**To do:** Without any of its pictures, the listing below should be output exactly.

**Provided data:**
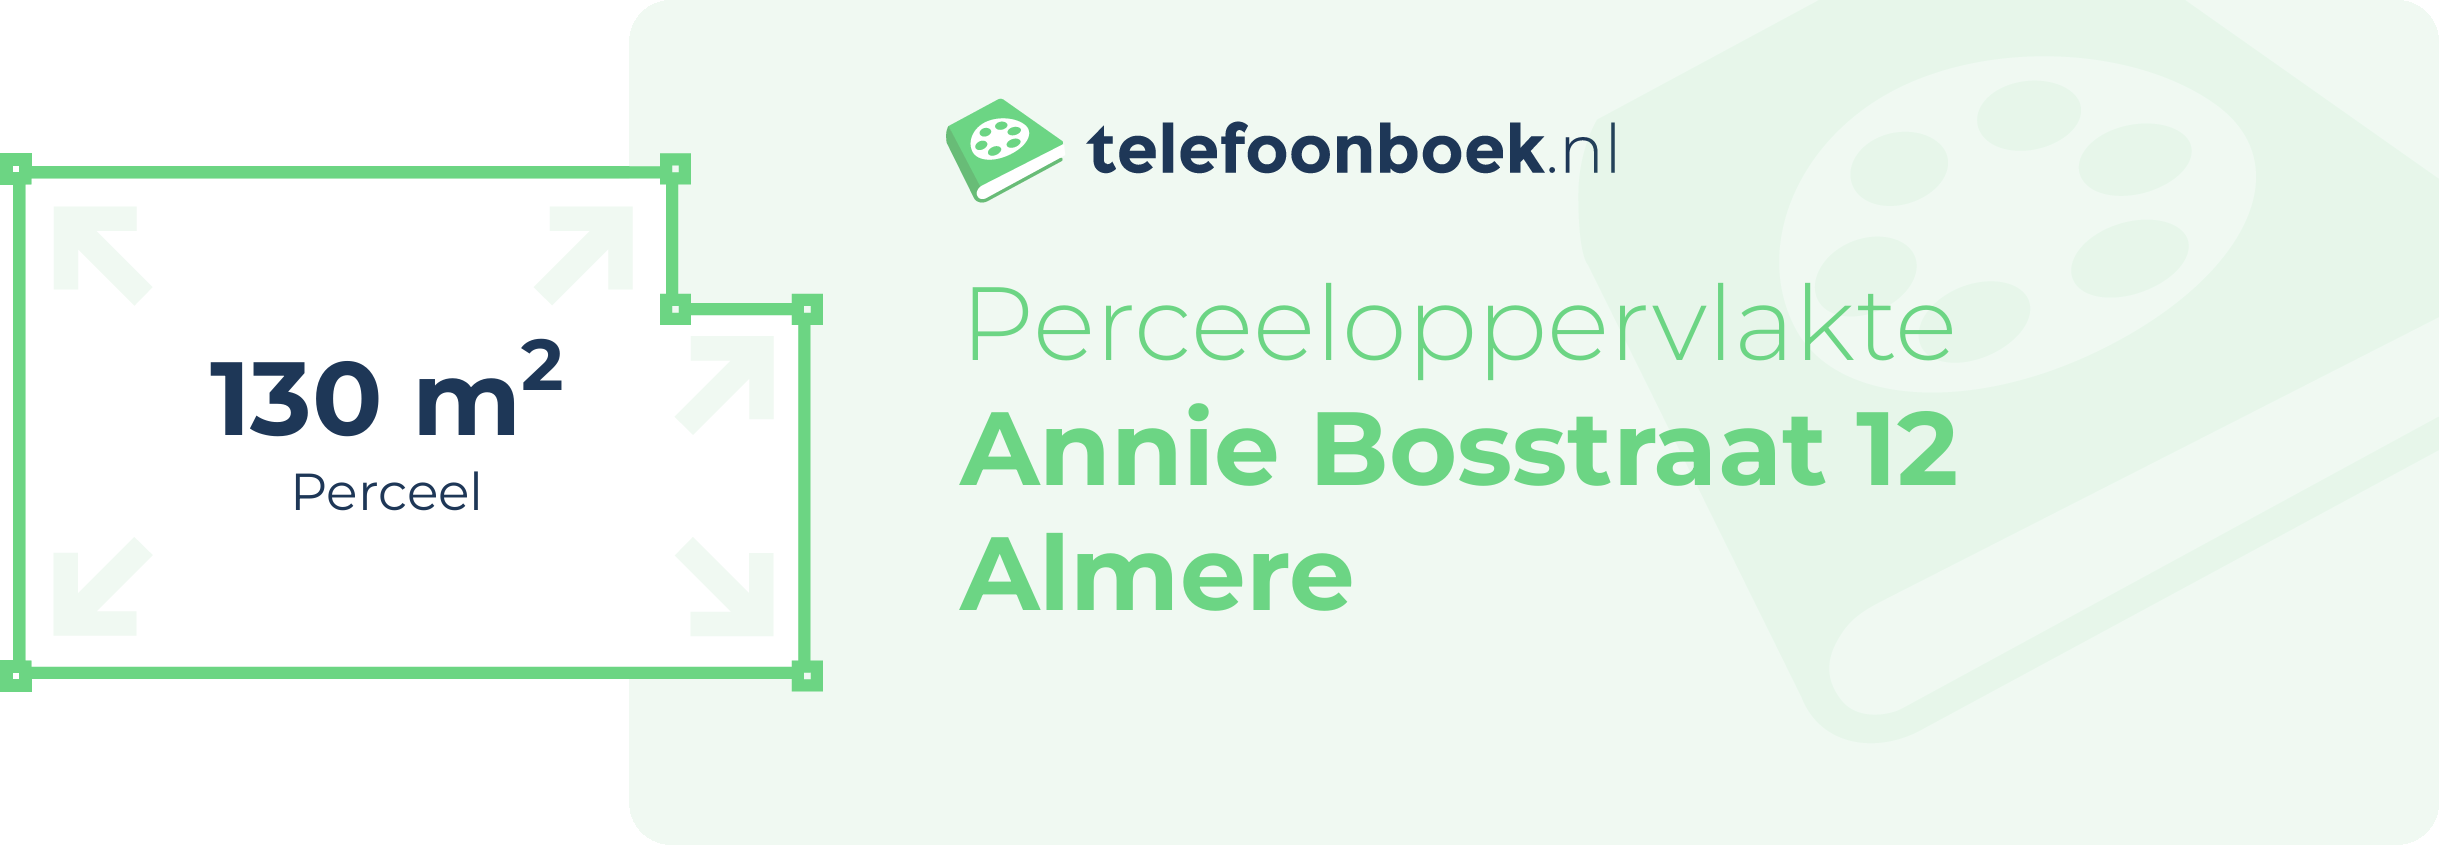 Perceeloppervlakte Annie Bosstraat 12 Almere
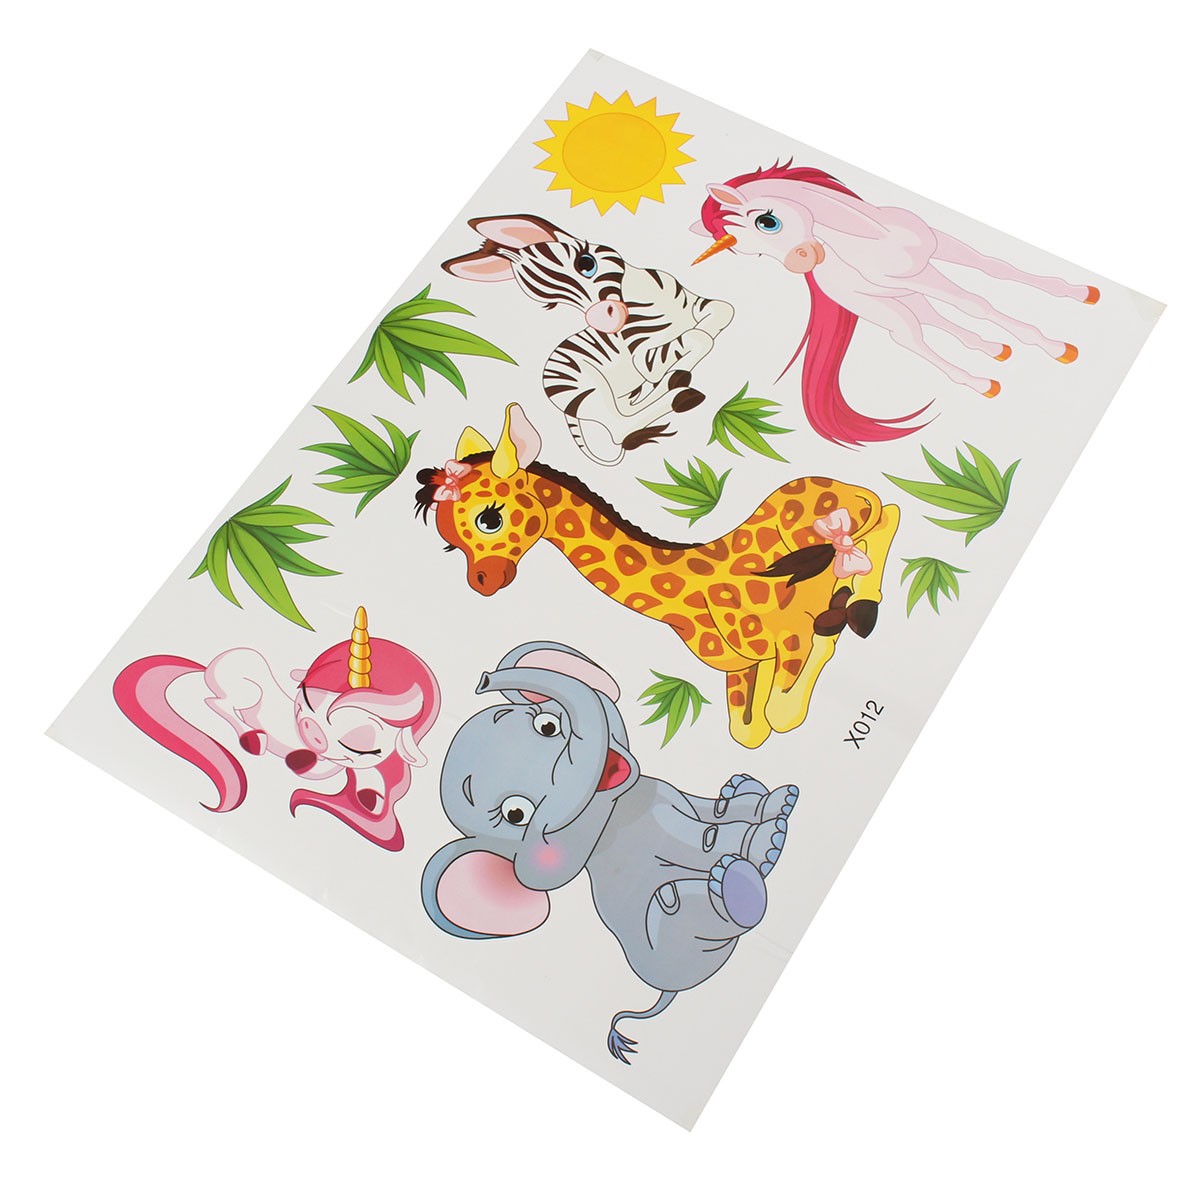 Cartoon-Animal-Elephant-Giraffes-Grass-Bedroom-Removable-Wall-Sticker-Home-Decor-1023584
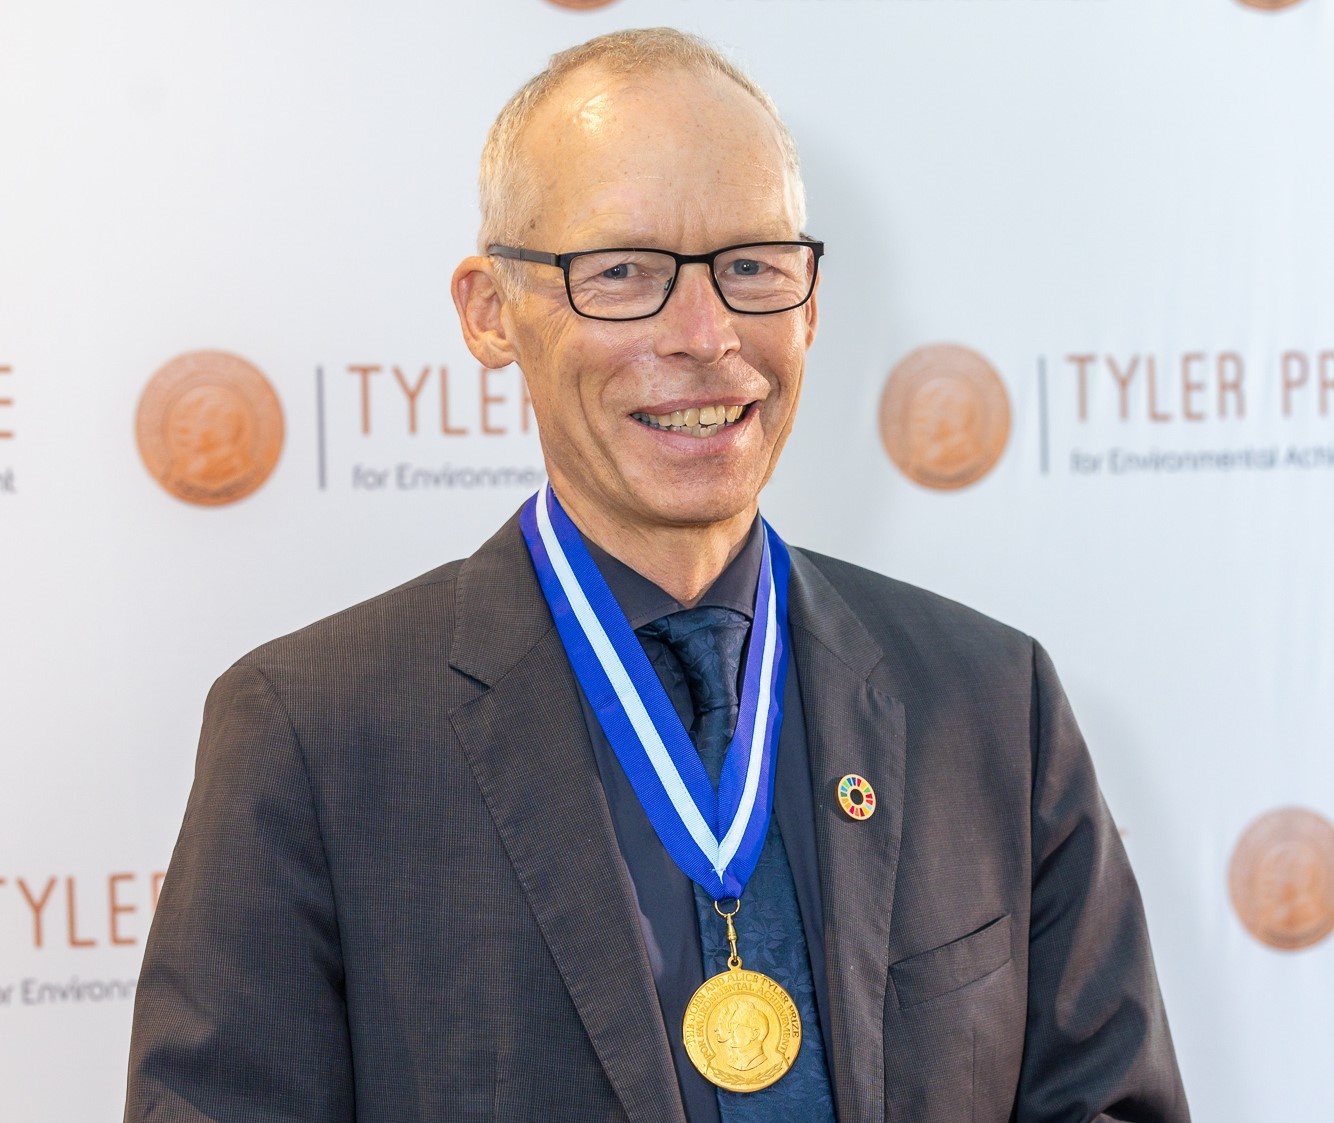 Johan Rockström awarded Tyler Prize for Environmental Achievement in Potsdam

**Solution to the exercise:**
 Perceeloppervlakte Annie Bosstraat 12 Almere
 Cartoon-Animal-Elephant-Giraffes-Grass-Bedroom-Removable-Wall-Sticker-Home-Decor-1023584
 Johan Rockström awarded Tyler Prize for Environmental Achievement in Potsdam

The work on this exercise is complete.